Arroz rojo (Mexican red rice)

    48 min

    Easy to make! Use a different type of fresh chilli if you want milder or hotter rice. A great side dish for your Mexican meal.

    2 people made this

    Serves: 5 

    • 2 ripe plum tomatoes, cored
    • 2 tablespoons vegetable oil
    • 160g minced onion
    • 2 cloves garlic, minced
    • 180g uncooked long-grain white rice
    • 415ml low salt chicken stock
    • 4 tablespoons tomato passata
    • 1 jalapeno chilli pepper, chopped
    • fresh coriander, chopped
    • salt to taste

    Prep:15min  ›  Cook:25min  ›  Extra time:8min resting  ›  Ready in:48min 

    1. Grate tomatoes into a bowl using a box grater; discard tomato skins.
    2. Heat vegetable oil in a heavy pan over medium-high heat and cook onion until softened, stirring often, about 5 minutes.
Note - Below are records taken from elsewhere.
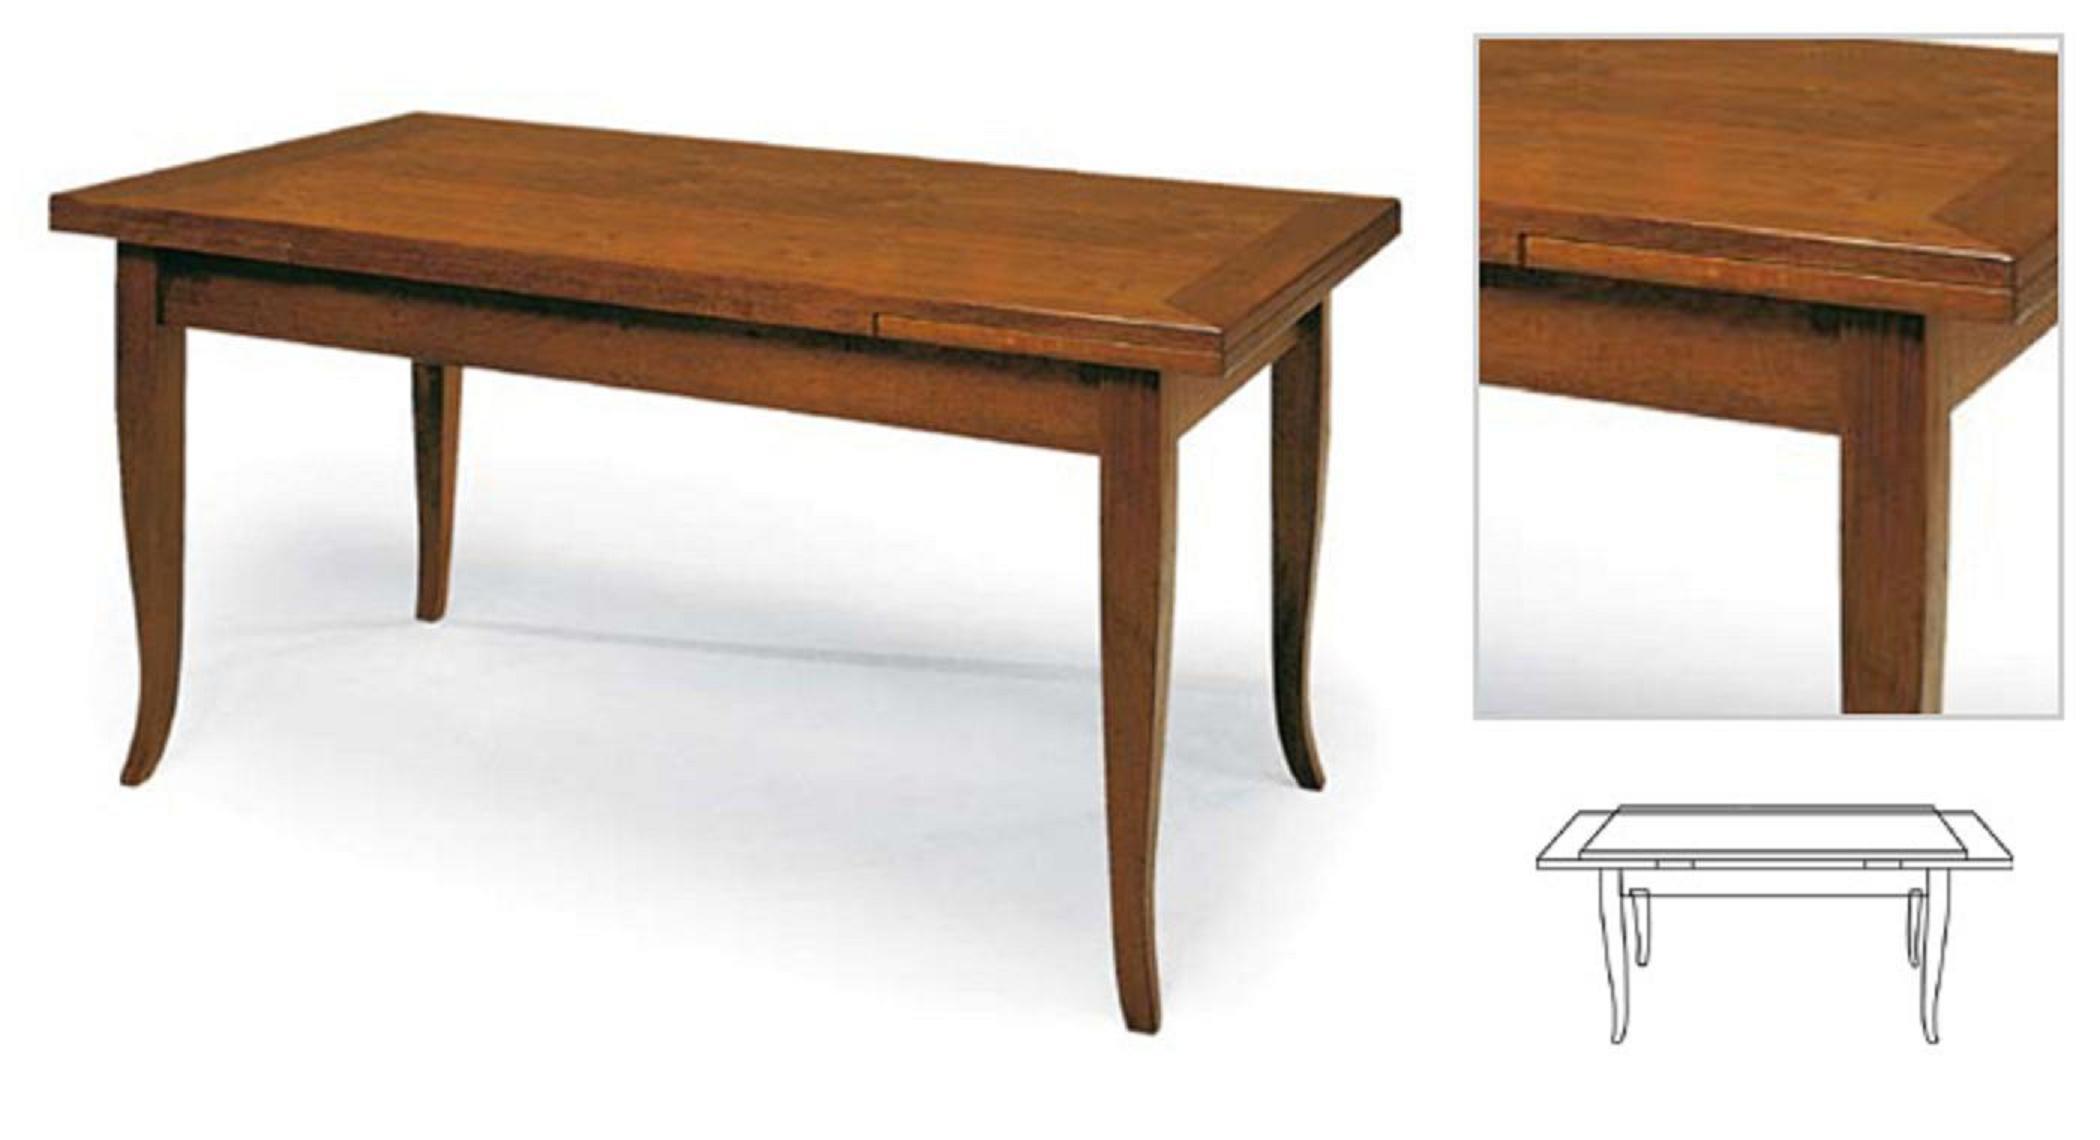 Il classico tavolo in arte povera di una volta una passione che non tramonta mai magazzino - Tavolo a consolle mondo convenienza ...
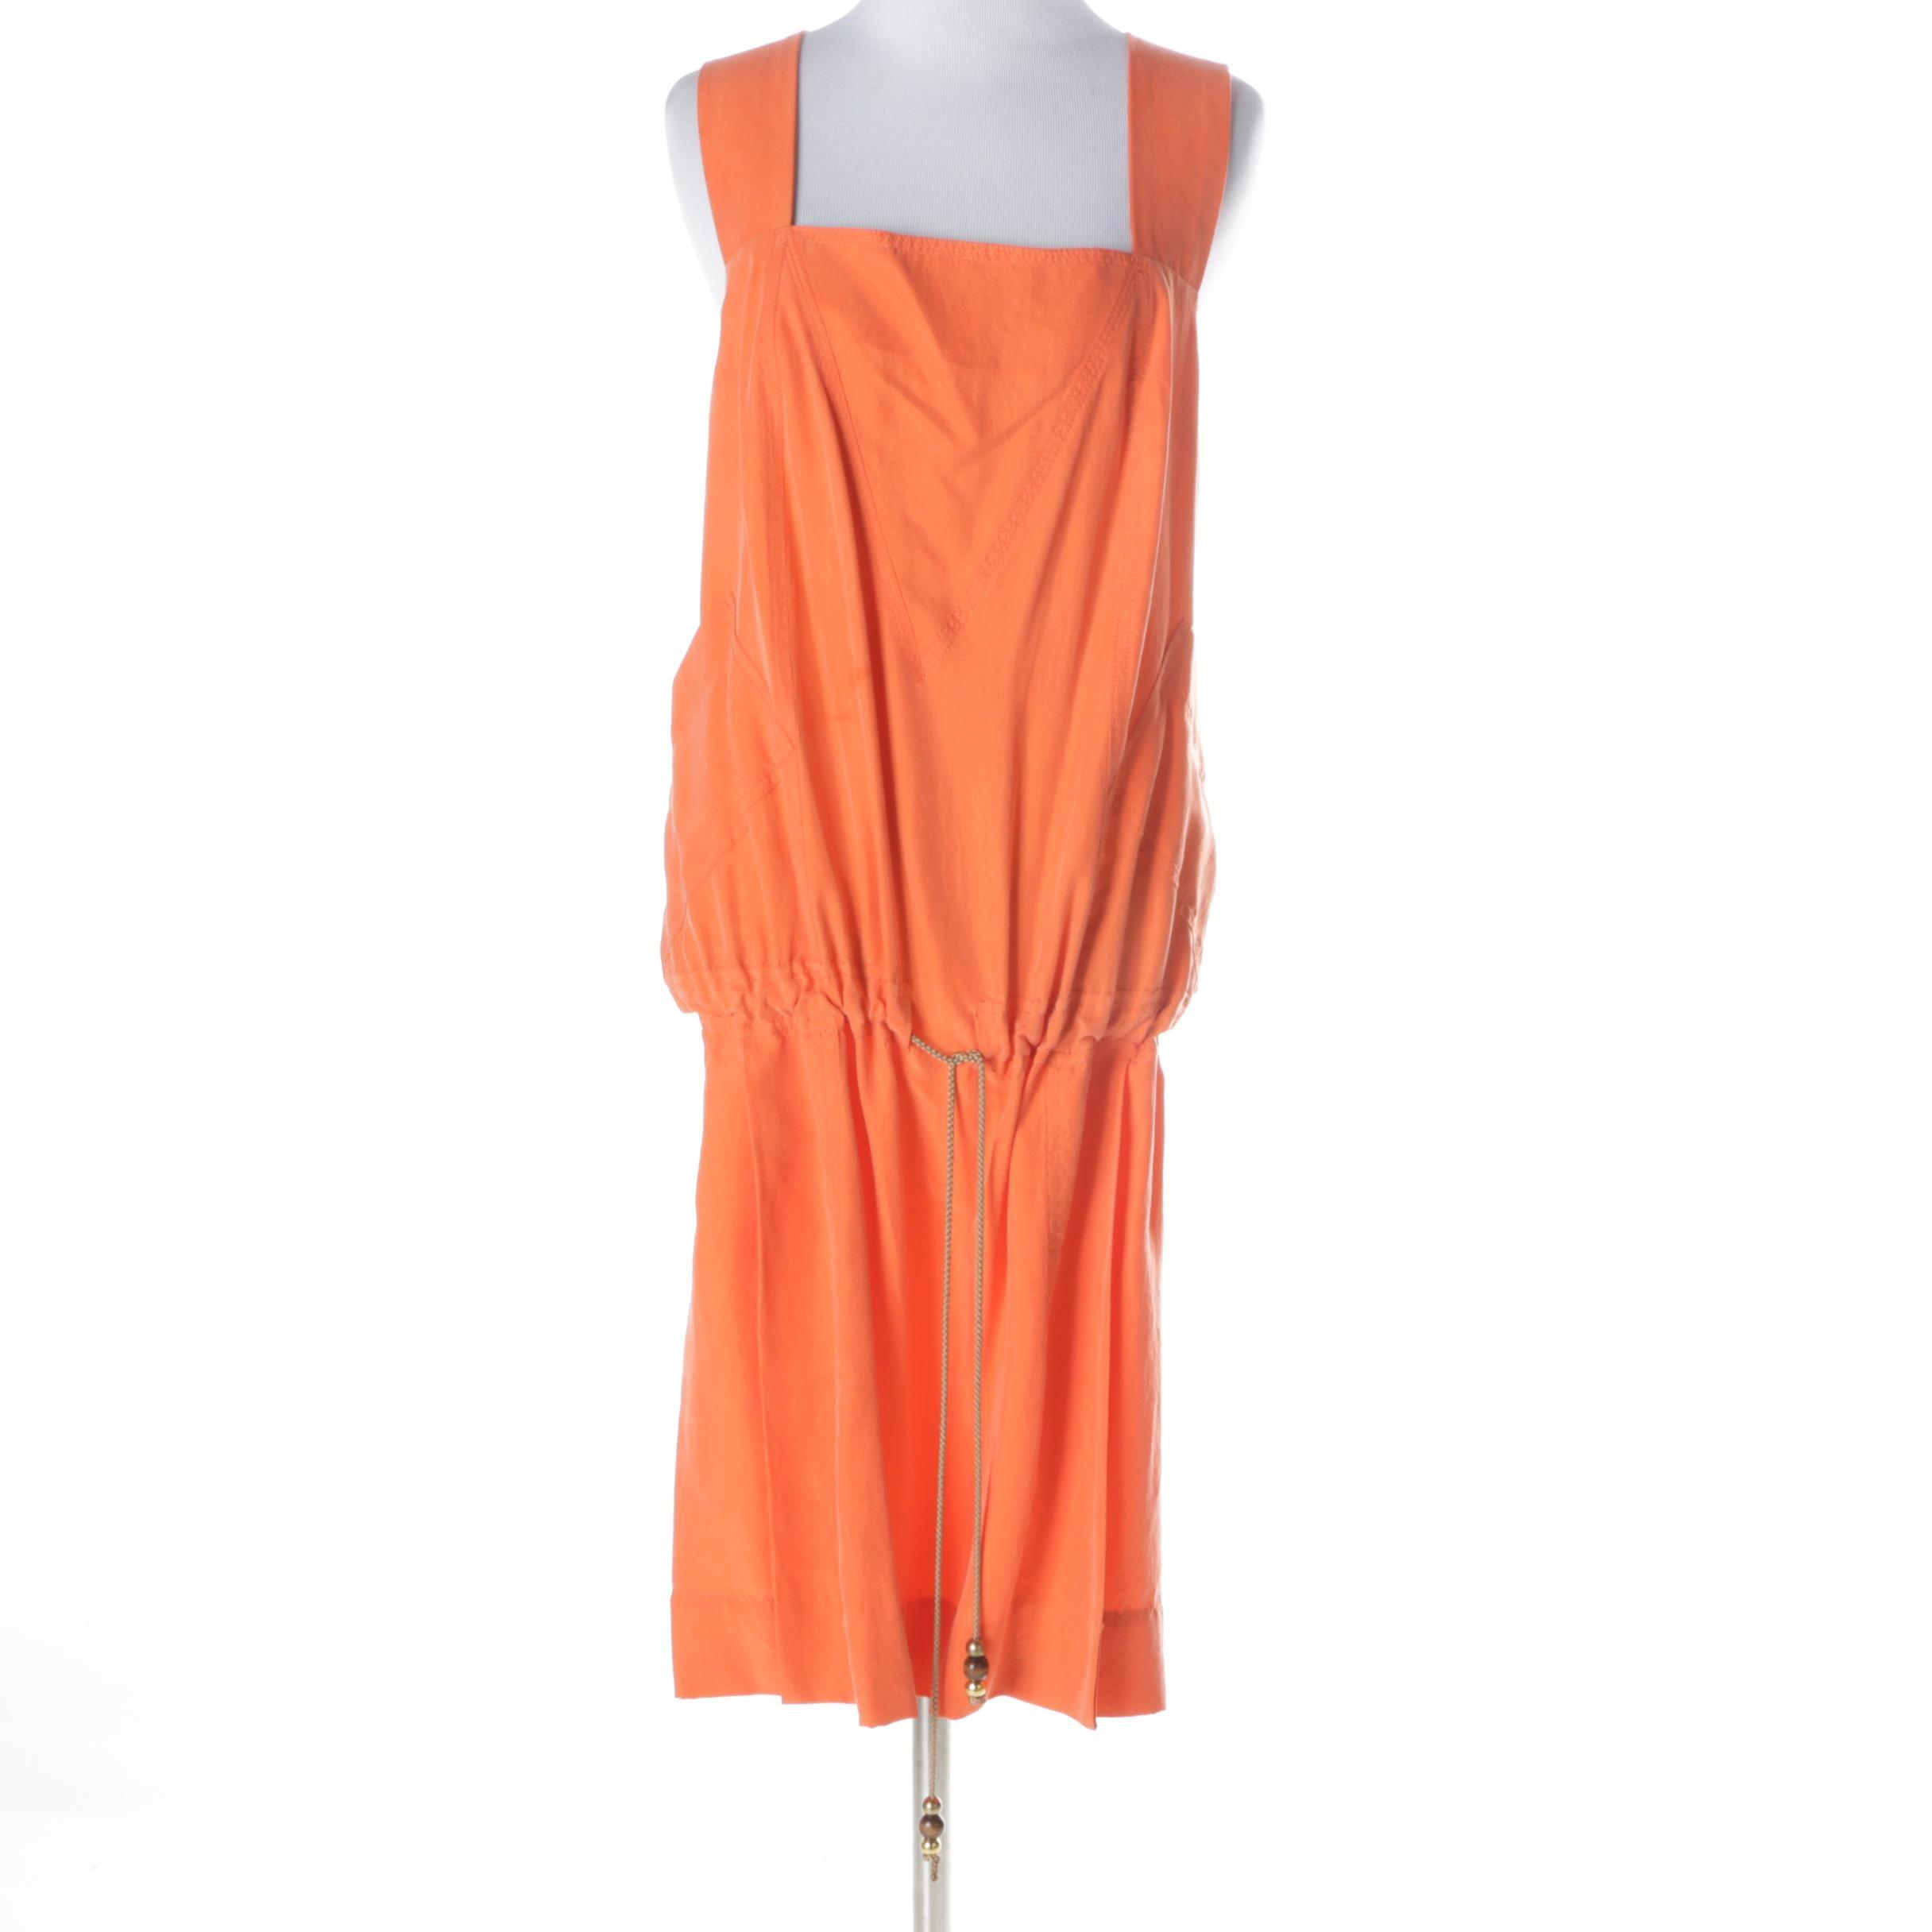 Diane von Furstenberg Silk Drawstring Dress
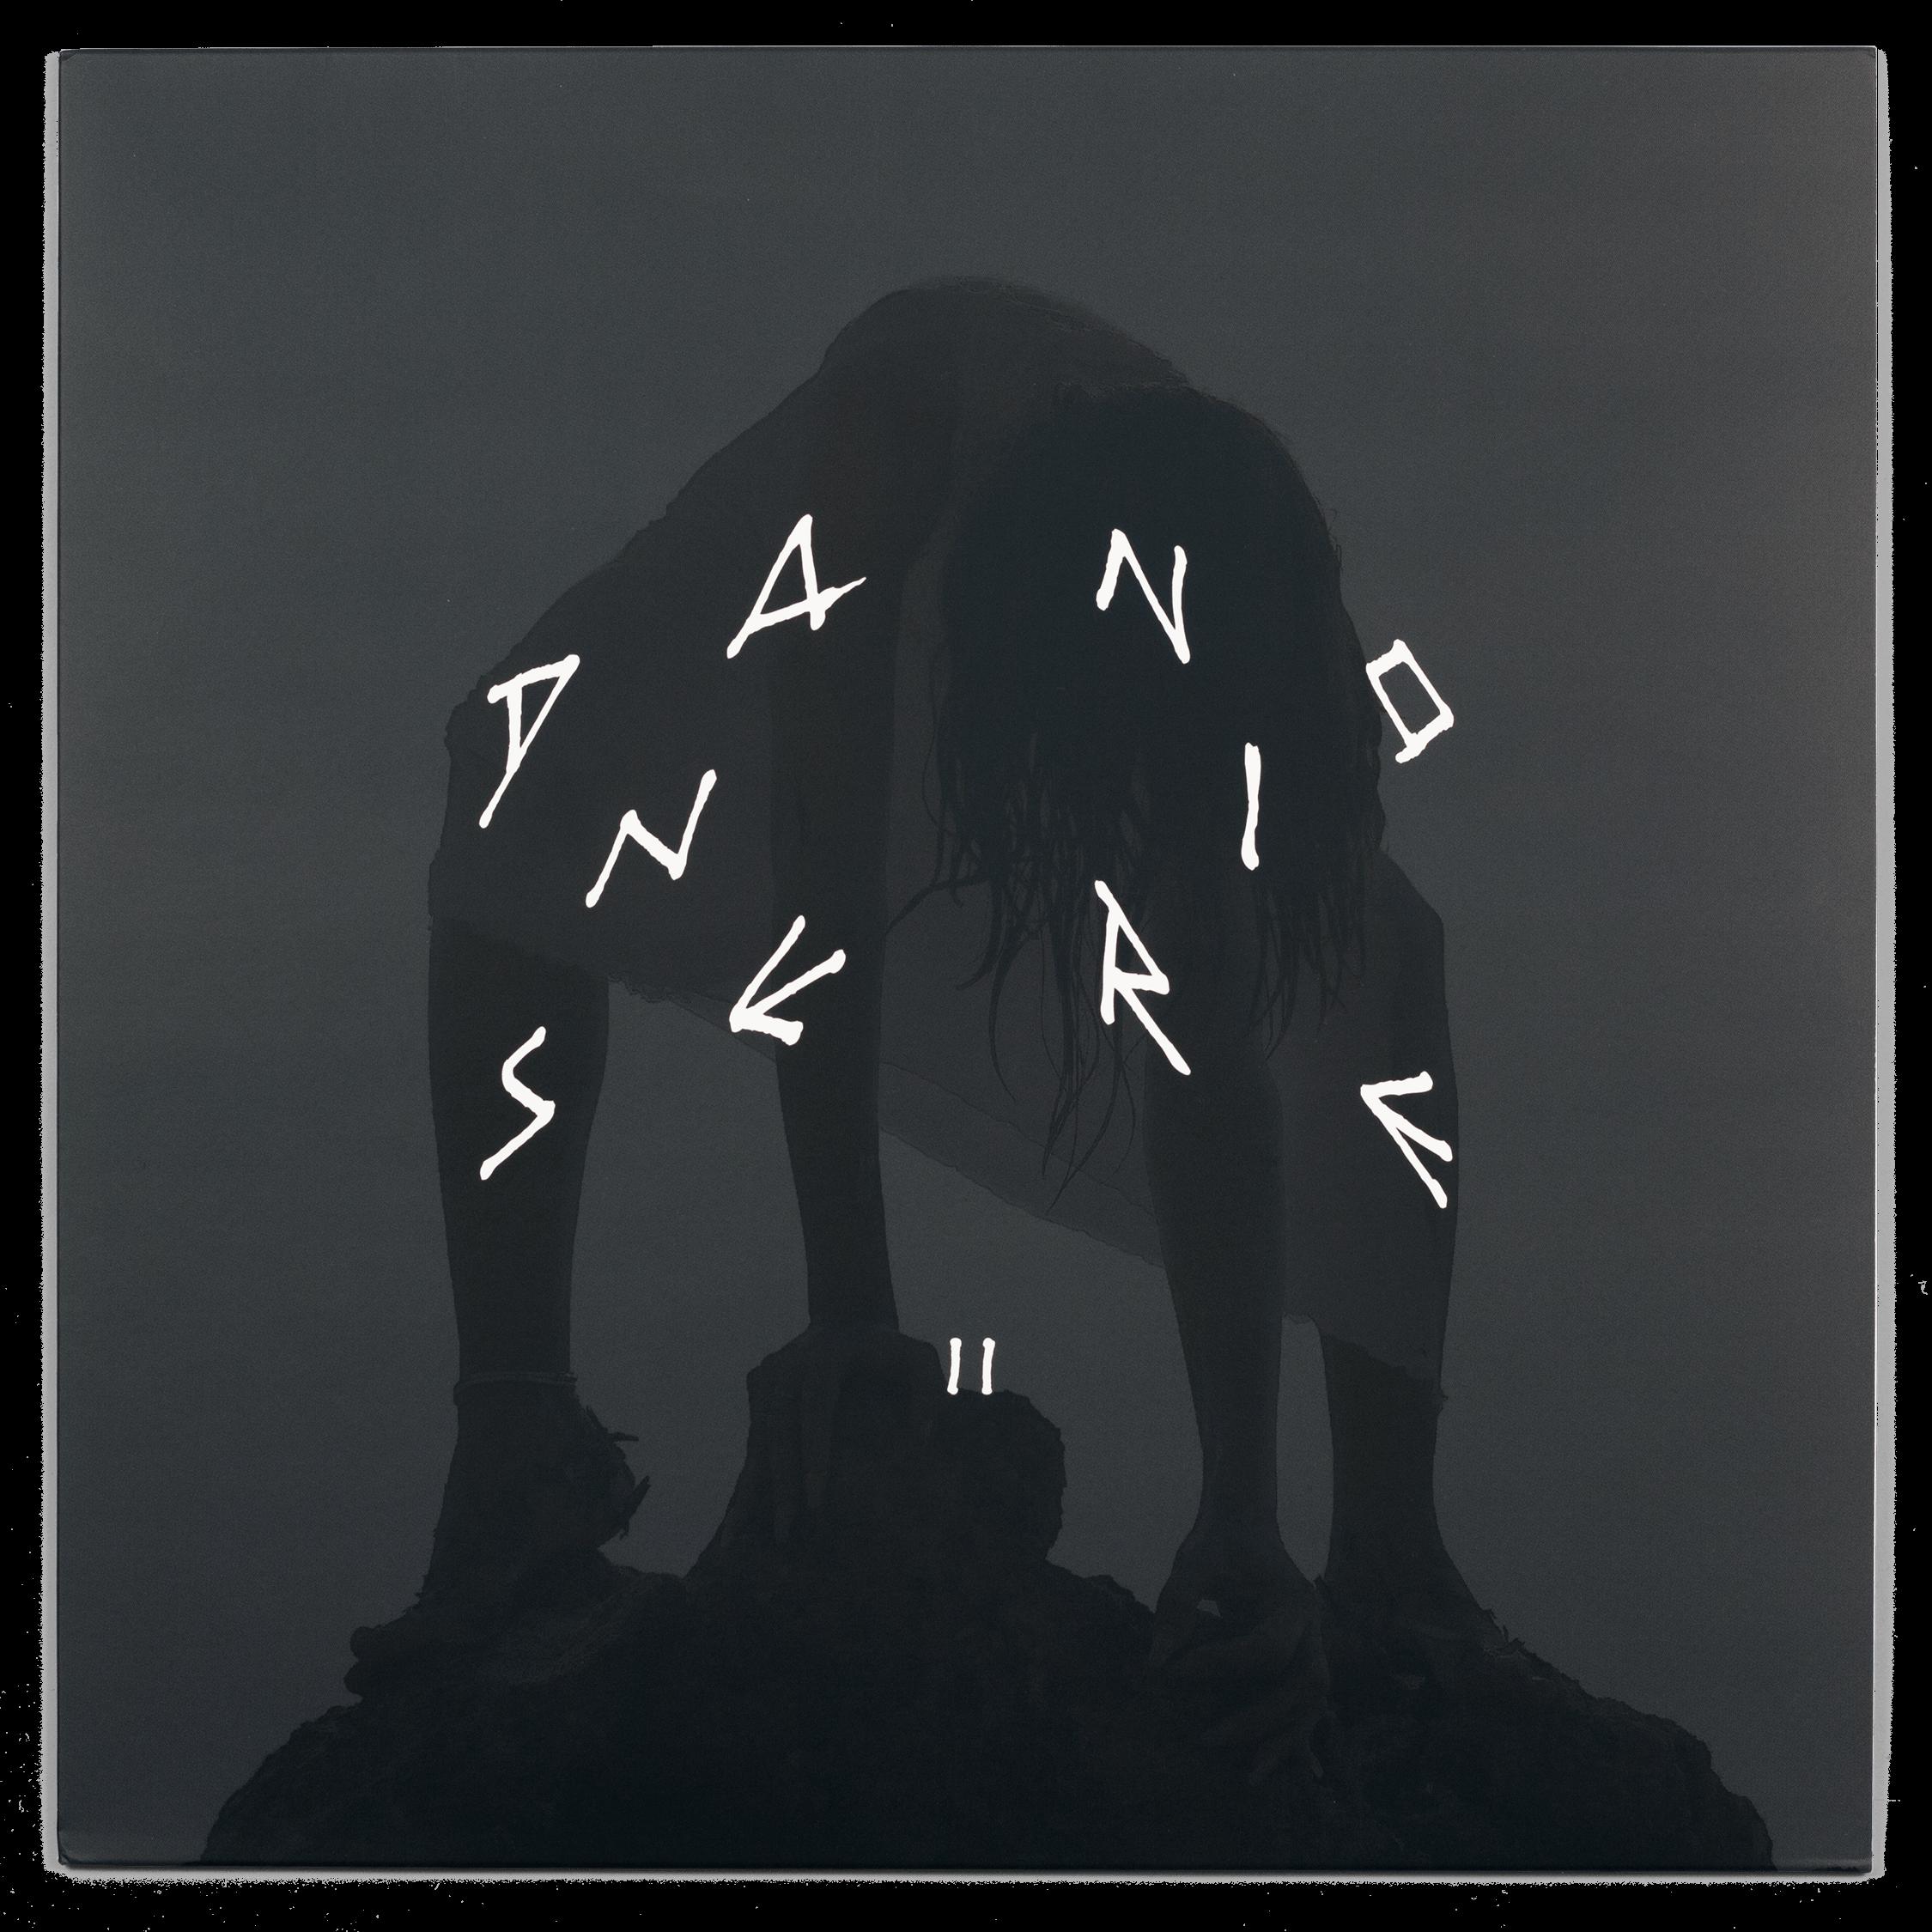 Danse Noire 011, Abyss X, Pleasures of the Bull vinyl, couverture

Stir garlic into onion and cook for about 1 minute.
    3. Stir rice into onion mixture and cook, stirring often, until rice is lightly toasted, about 3 more minutes. Stir grated tomato, chicken stock and tomato passata into the rice. Bring mixture to the boil.
    4. Mix in chilli pepper, coriander and salt; reduce heat to low. Cover pan and simmer until rice has absorbed the liquid, about 15 minutes. Do not lift the lid while the rice is cooking.
    5. Turn off heat and let rice stand covered for 8 minutes. Fluff with a fork before transferring rice to a serving dish.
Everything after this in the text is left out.